Problem to solve »
Please write out all the data that follows exactly, without the pictures.

Given material »
····················
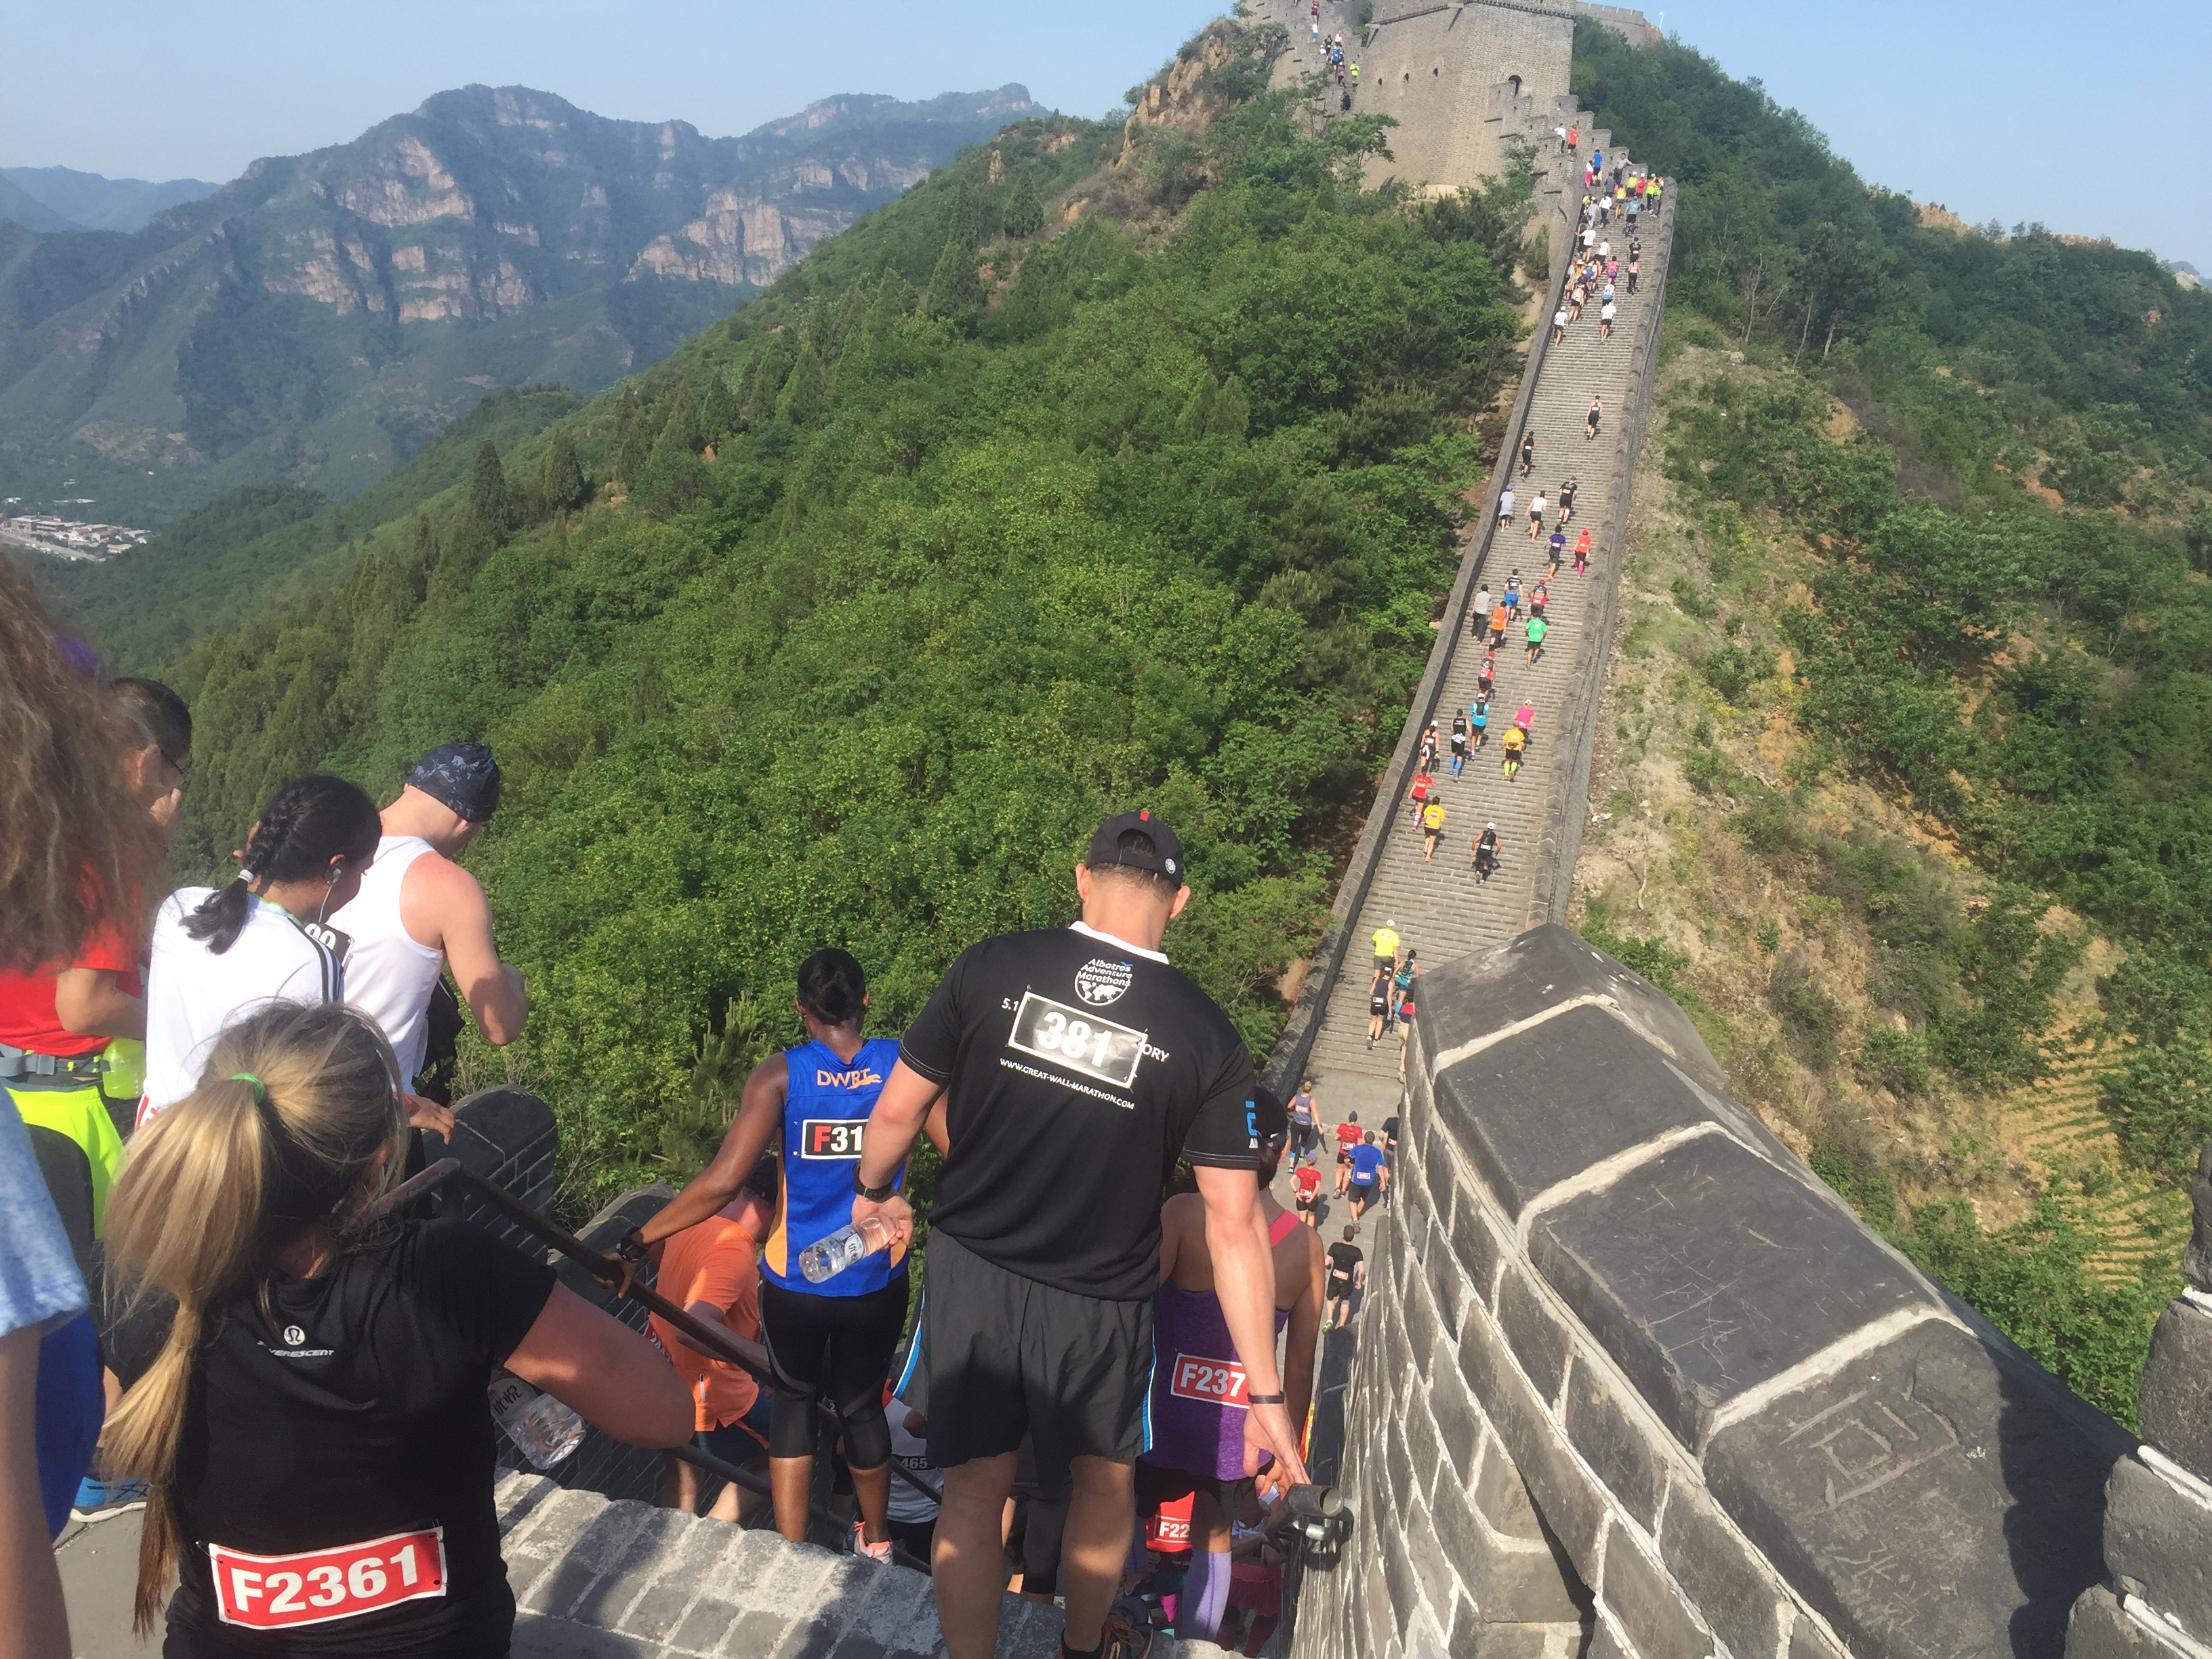 The Great Wall Half Marathon Lonna Hill - Great wall marathon
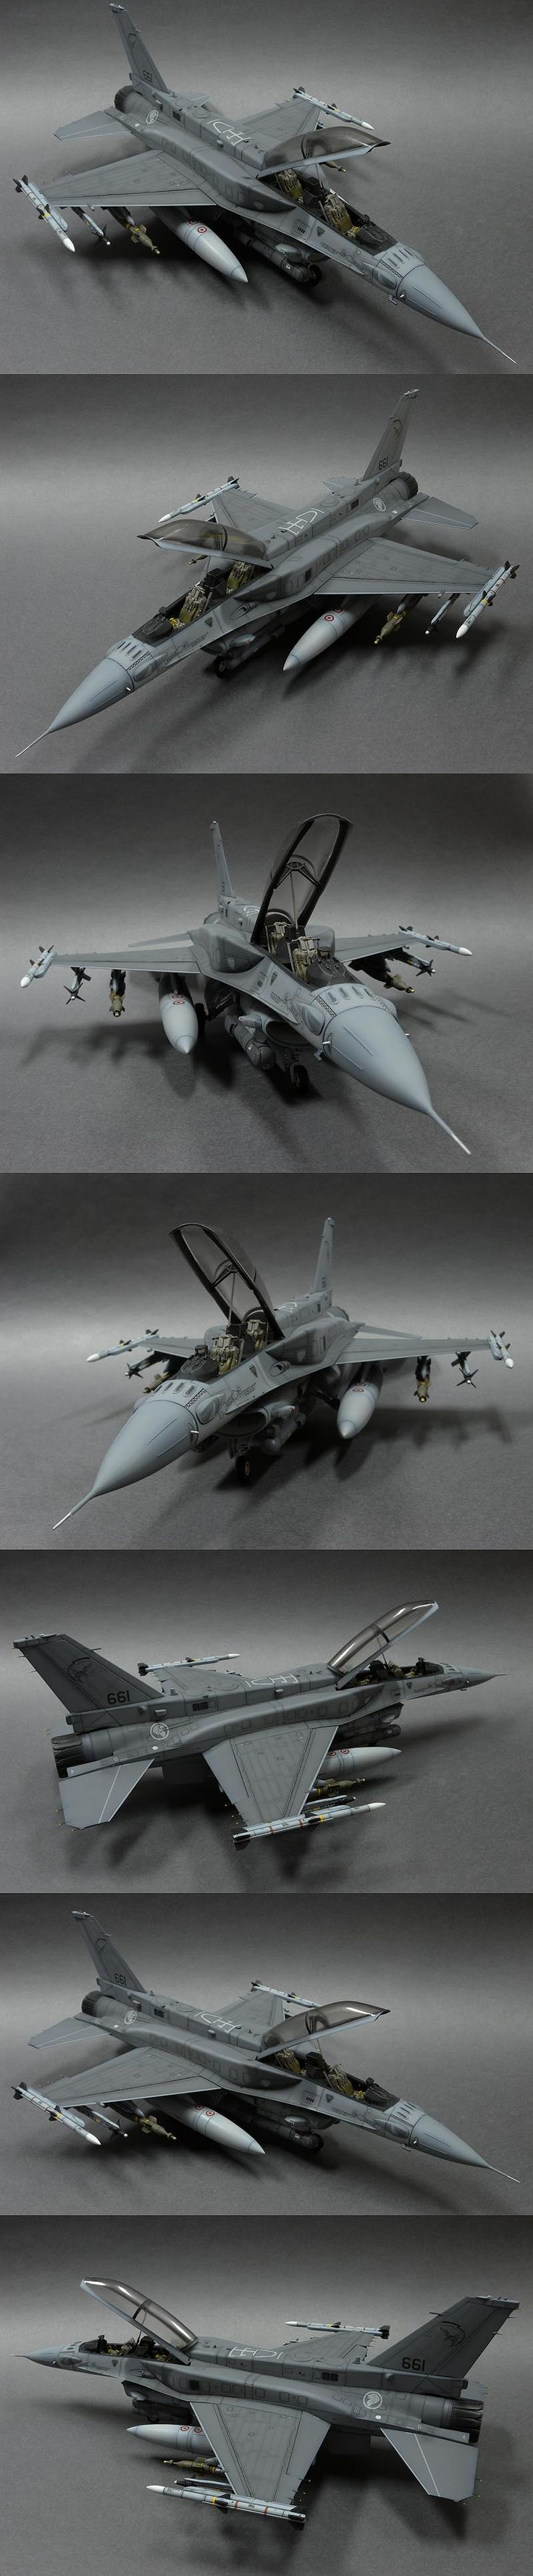 F-16D | #Scale_model 1/35
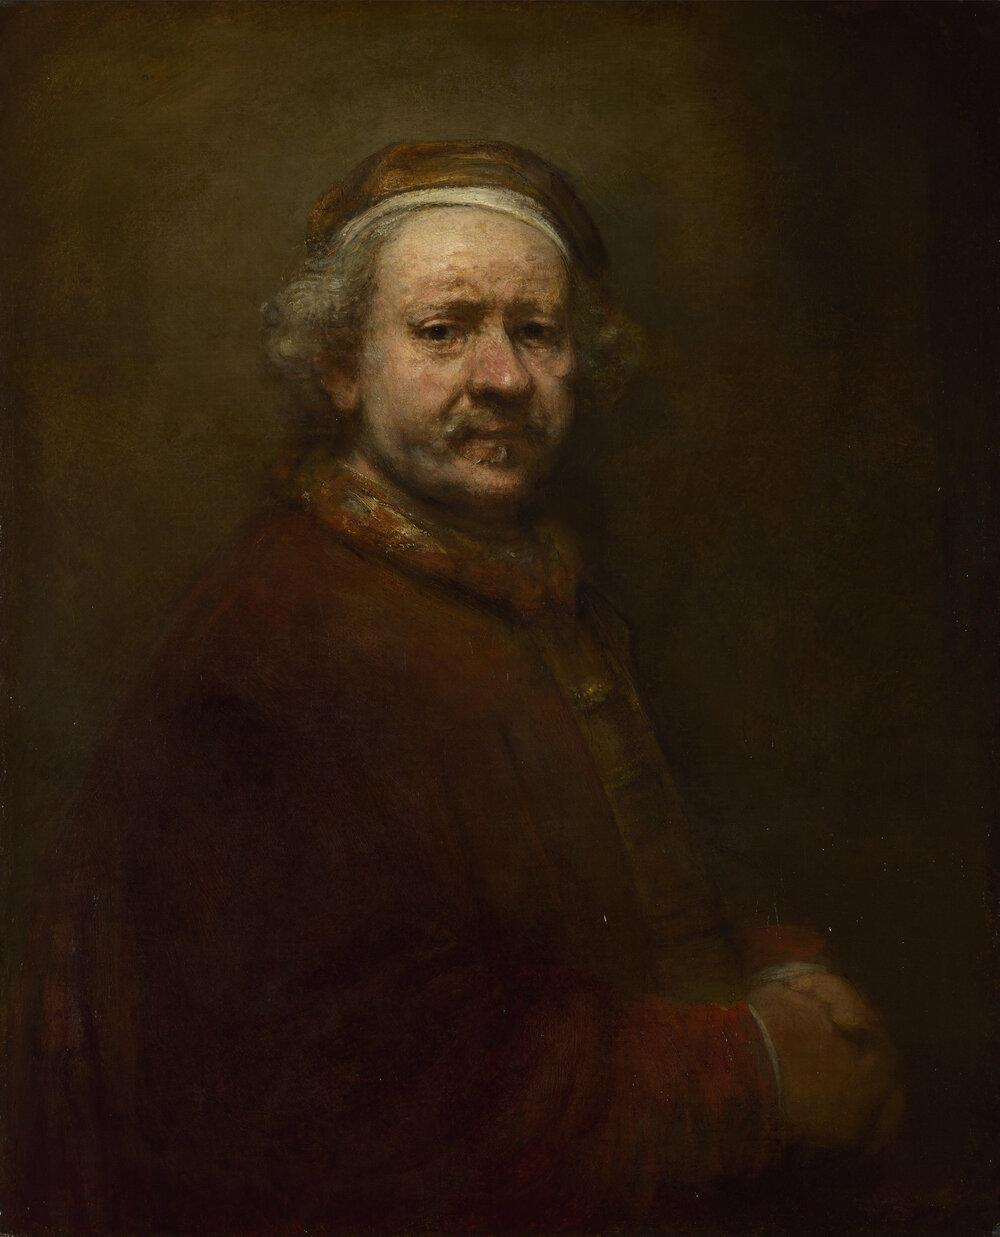 Автопортрет, Рембрандт ван Рей, 1669 ©WIKIMEDIA COMMONS
····················
Output below »
 The Great Wall Half Marathon Lonna Hill - Great wall marathon
 F-16D | #Scale_model 1/35
 Автопортрет, Рембрандт ван Рей, 1669 ©WIKIMEDIA COMMONS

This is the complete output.